Norman Paul Jouppi is an American electrical engineer and computer scientist.

Career 
Jouppi was one of the computer architects at the MIPS Stanford University Project (under John L. Hennessy), an early RISC project. He received his master's degree in electrical engineering from Northwestern University in 1980 and was awarded a PhD in 1984 from Stanford University. In 1984 he joined Digital Equipment Corporation's Western Research Laboratory. He worked at Compaq and at Hewlett-Packard in 2002, where he ran the Advanced Architecture Lab at HP Labs in Palo Alto from 2006 to 2008 and then the Exascale Computing Lab from 2008 to 2010 and the Intelligent Infrastructure Lab from 2010 to 2011. After that, he became a computer engineer at Google.

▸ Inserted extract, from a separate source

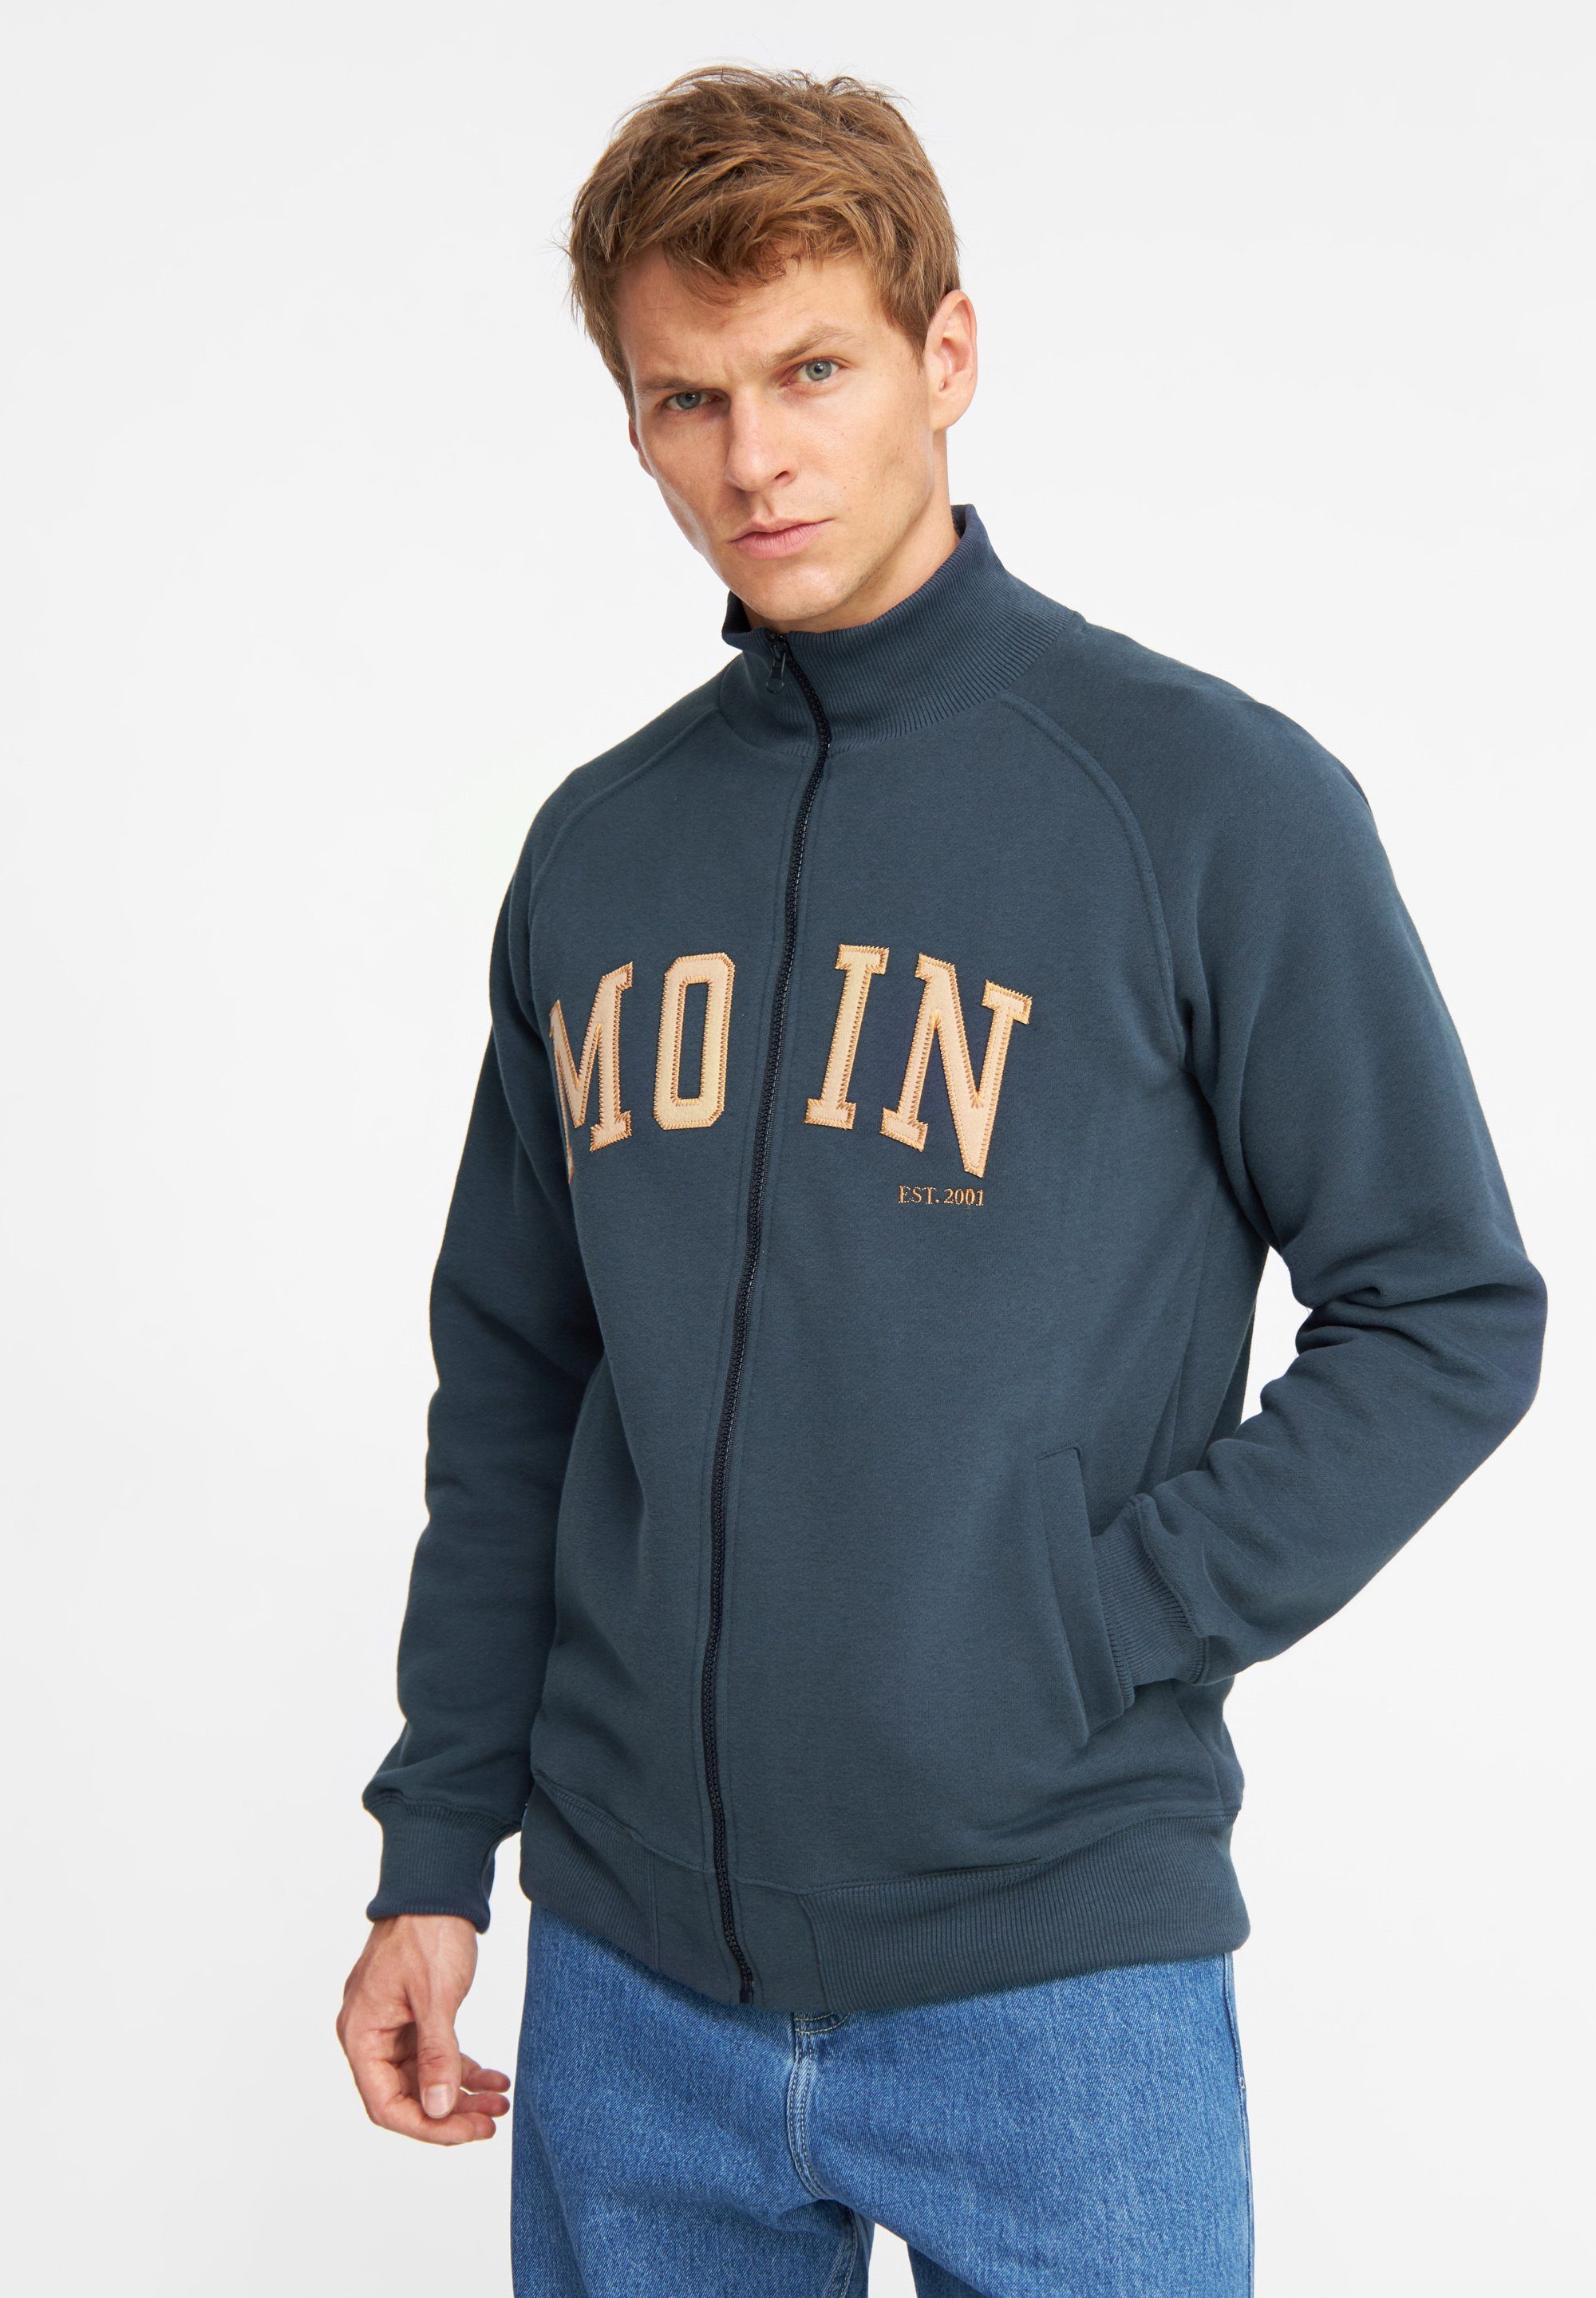 navy MOIN Sweatshirt in Derbe Portugal Made weich, Super

He pioneered developments in the field of memory hierarchies (victim buffers, prefetching stream buffers multi-level exclusive caching), heterogeneous architectures (single ISA heterogeneous architectures) and the introduction of the CACTI simulator for memory design (modeling of cache time, area and power).

He was the principal architect of four microprocessors and contributed to the development of graphics accelerators. He also deals with telepresence technology and the application of nanophotonics in the computer field.

In 2015, he received the Eckert-Mauchly Award for contributions to the design and analysis of high performance processors and computer storage systems. In 2002 he became Hewlett Packard Fellow, in 2003 fellow of the IEEE and in 2007 fellow of the Association for Computing Machinery. The ACM awarded Jouppi its Alan D. Berenbaum Distinguished Service Award in 2013. In 2014 he received the Harry H. Goode Memorial Award. Also in 2014, he was elected a member of the National Academy of Engineering for contributions to the design of computer memory hierarchies.

From 2007 to 2011, he headed the ACM's Computer Architecture (SIGARCH) department.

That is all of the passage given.